PROBLEM TO WORK ON: From the first line to the last, give the material again exactly, without the images.

PROVIDED DATA:
---

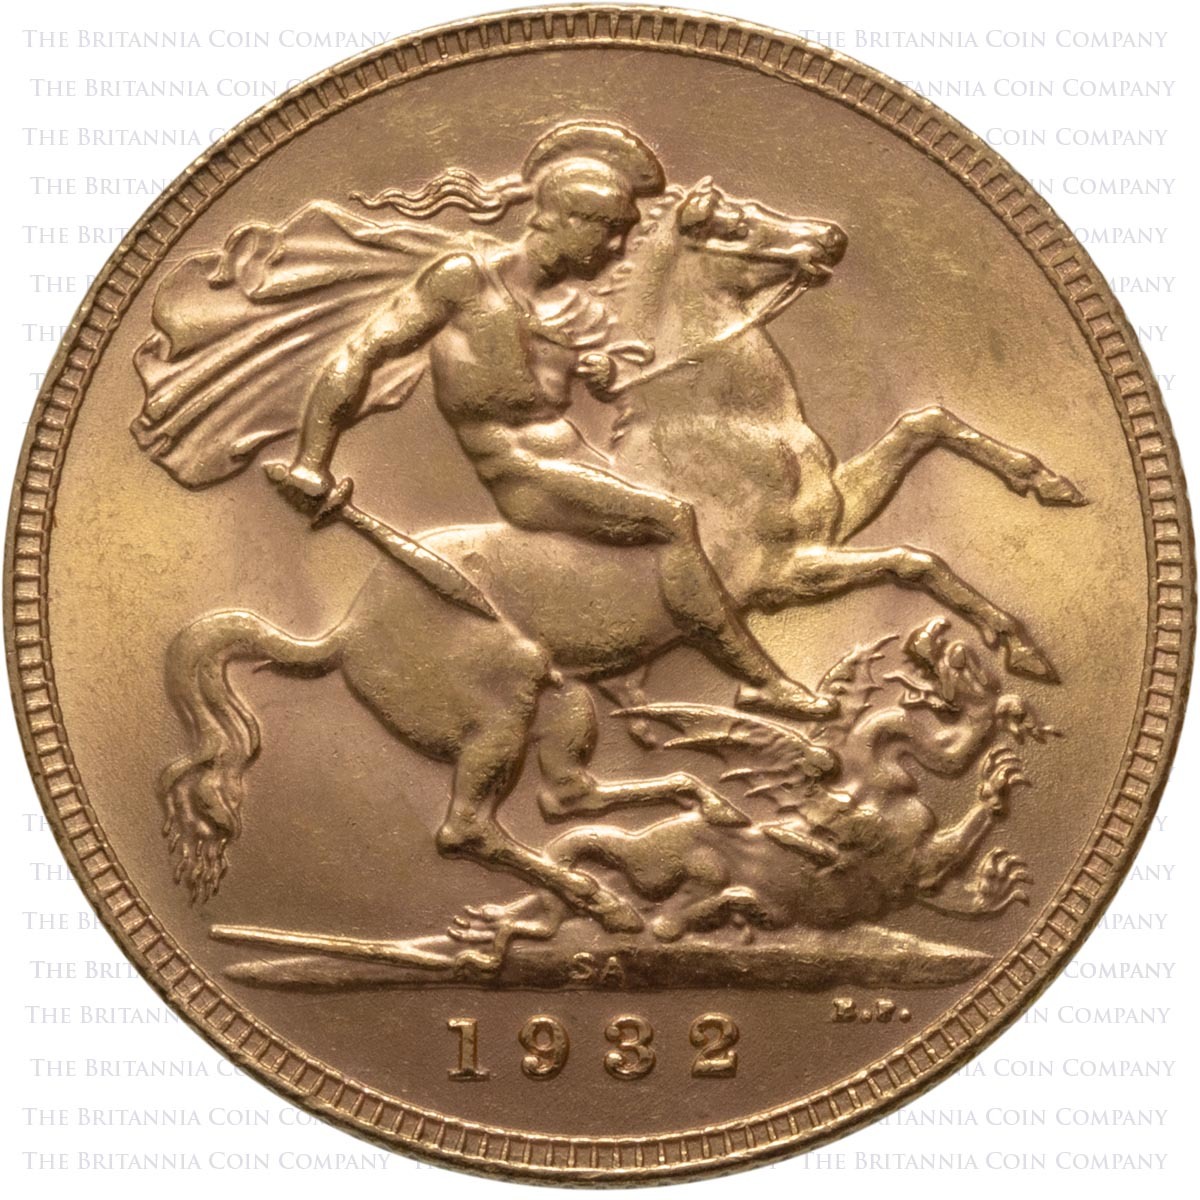 1932 King George V Gold Full Sovereigns Pretoria South Africa Mint (Best Value) Reverse
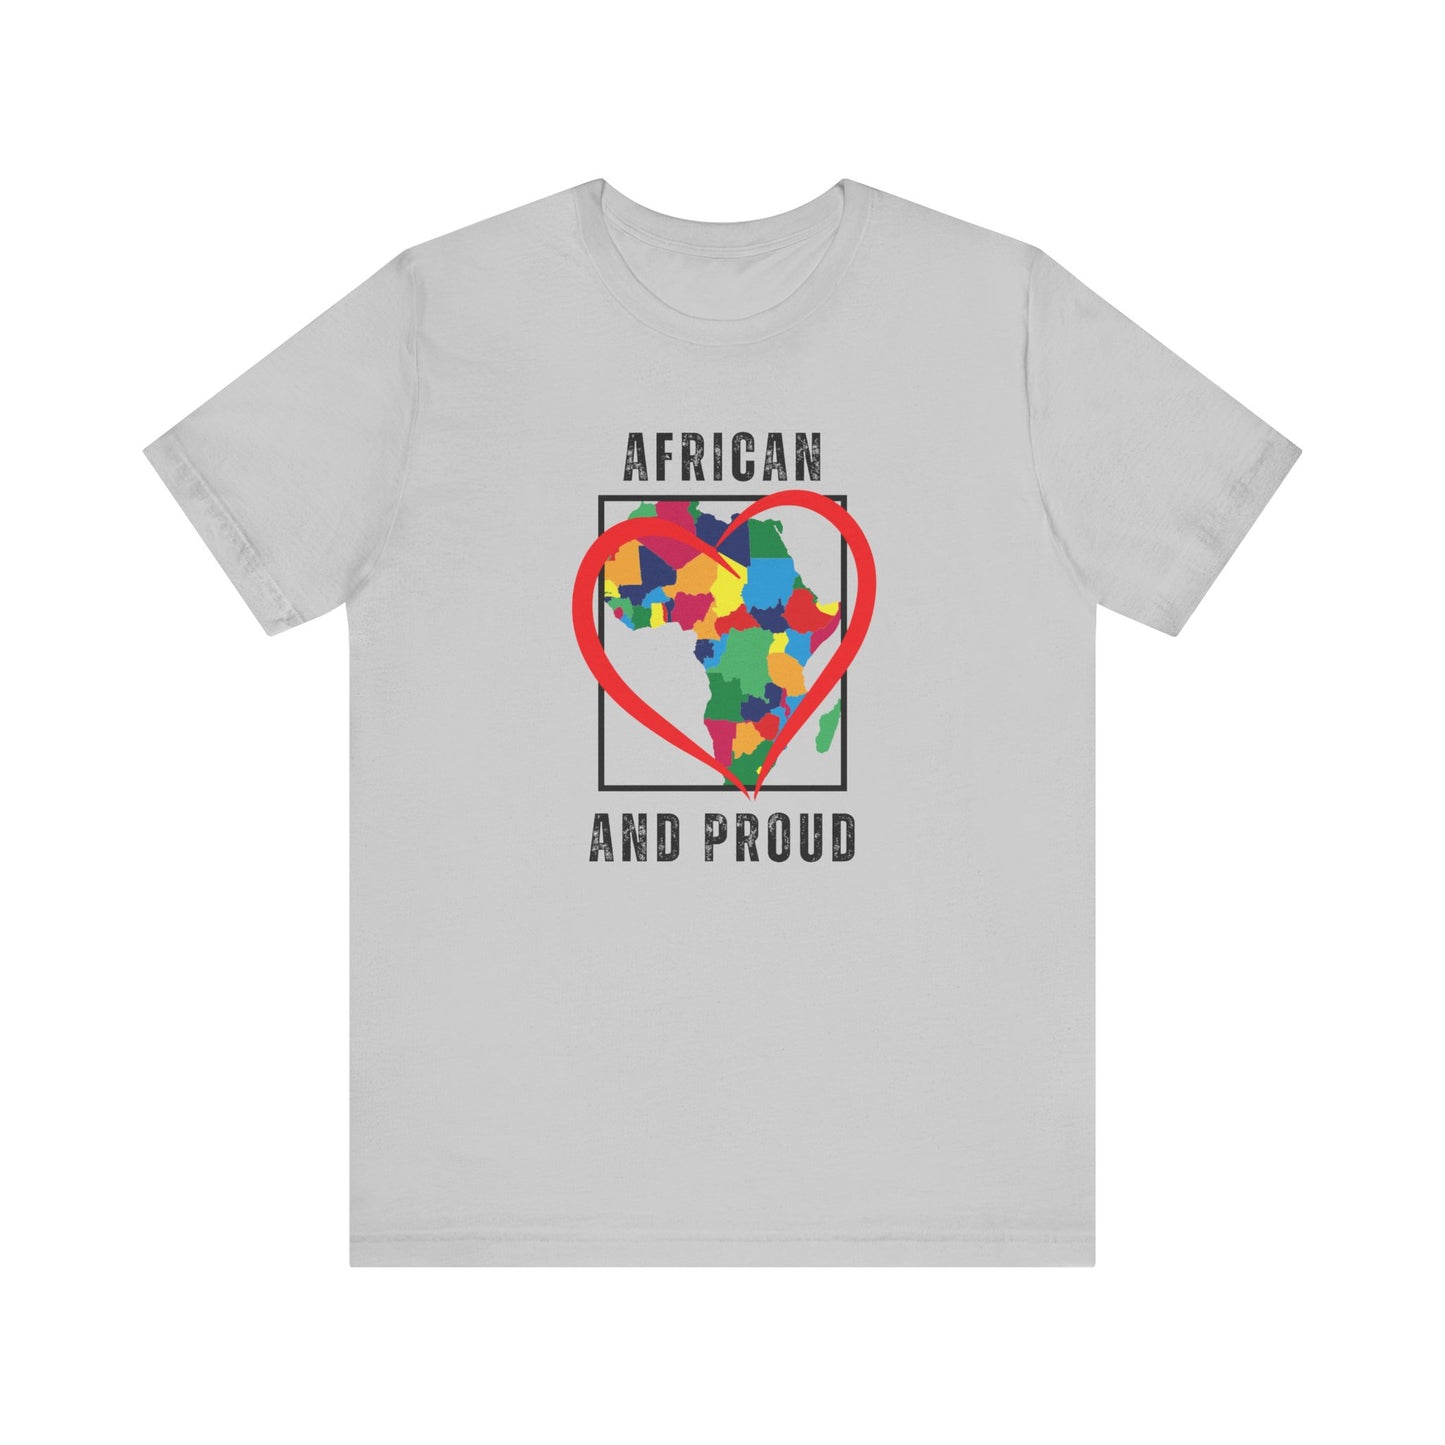 African and Proud shirt
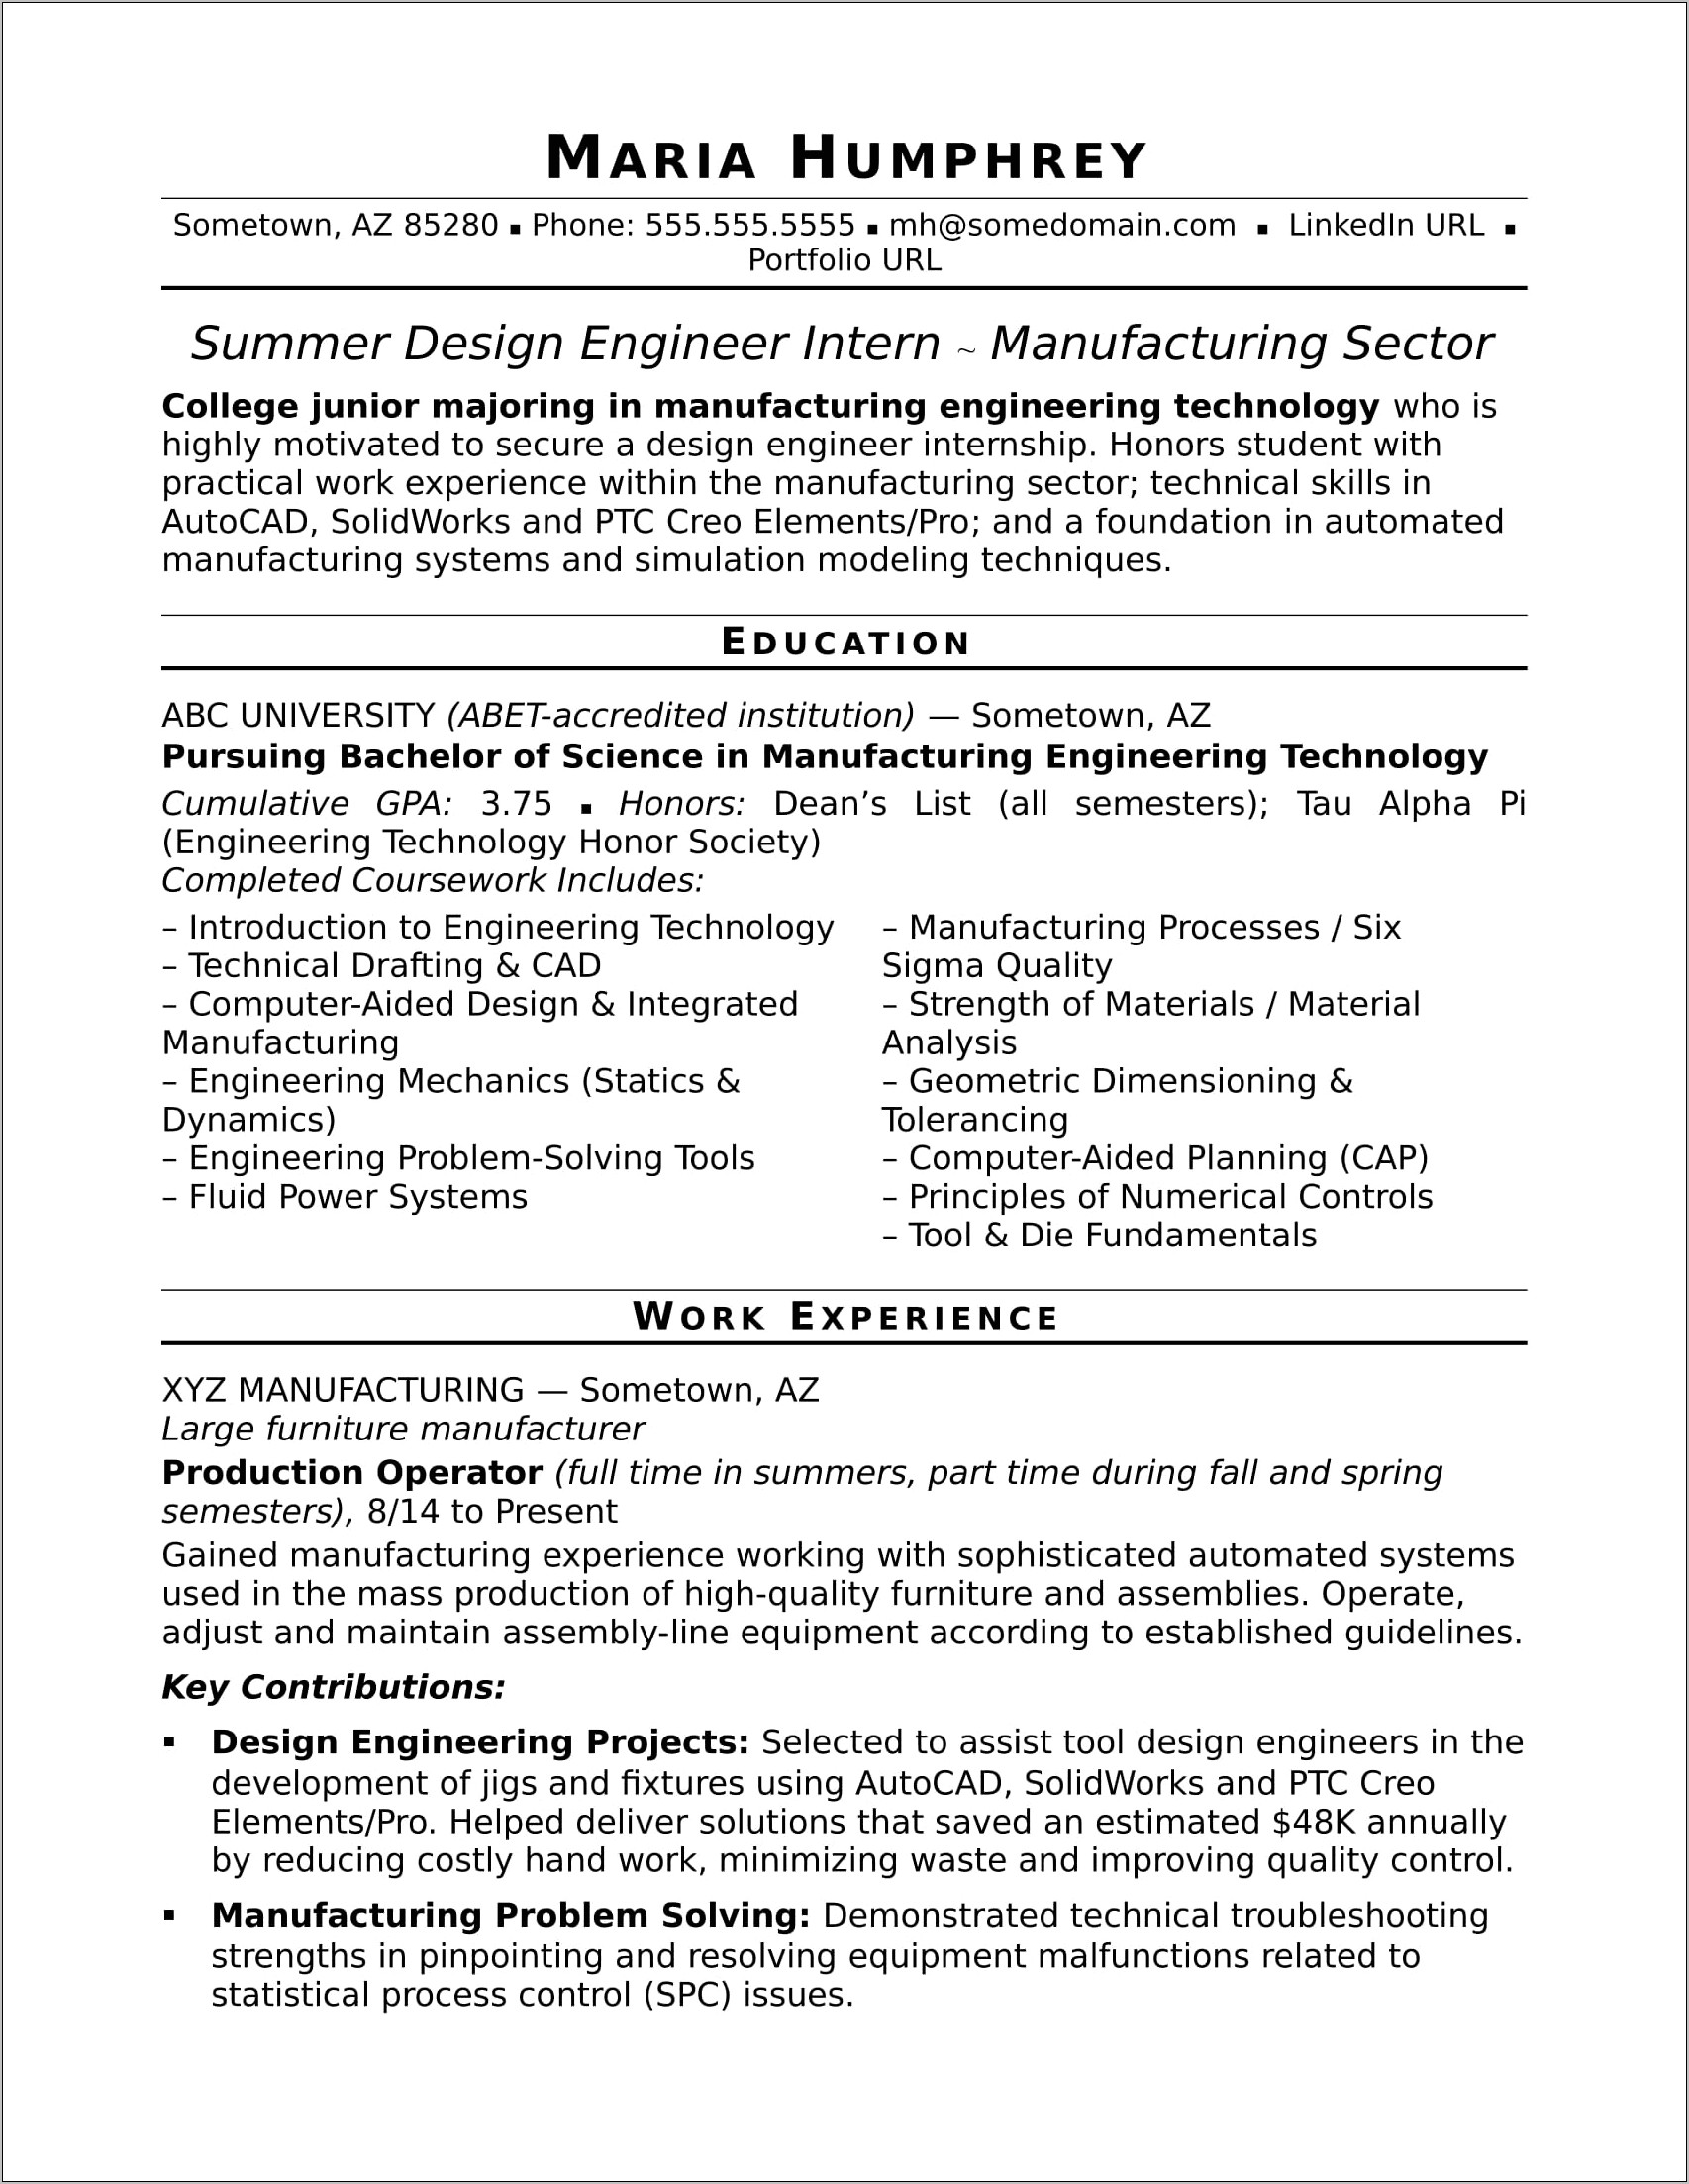 Example Engineer Resume Entry Level

---

SOLUTION TO THE EXERCISE:
 1932 King George V Gold Full Sovereigns Pretoria South Africa Mint (Best Value) Reverse
 African and Proud shirt
 Example Engineer Resume Entry Level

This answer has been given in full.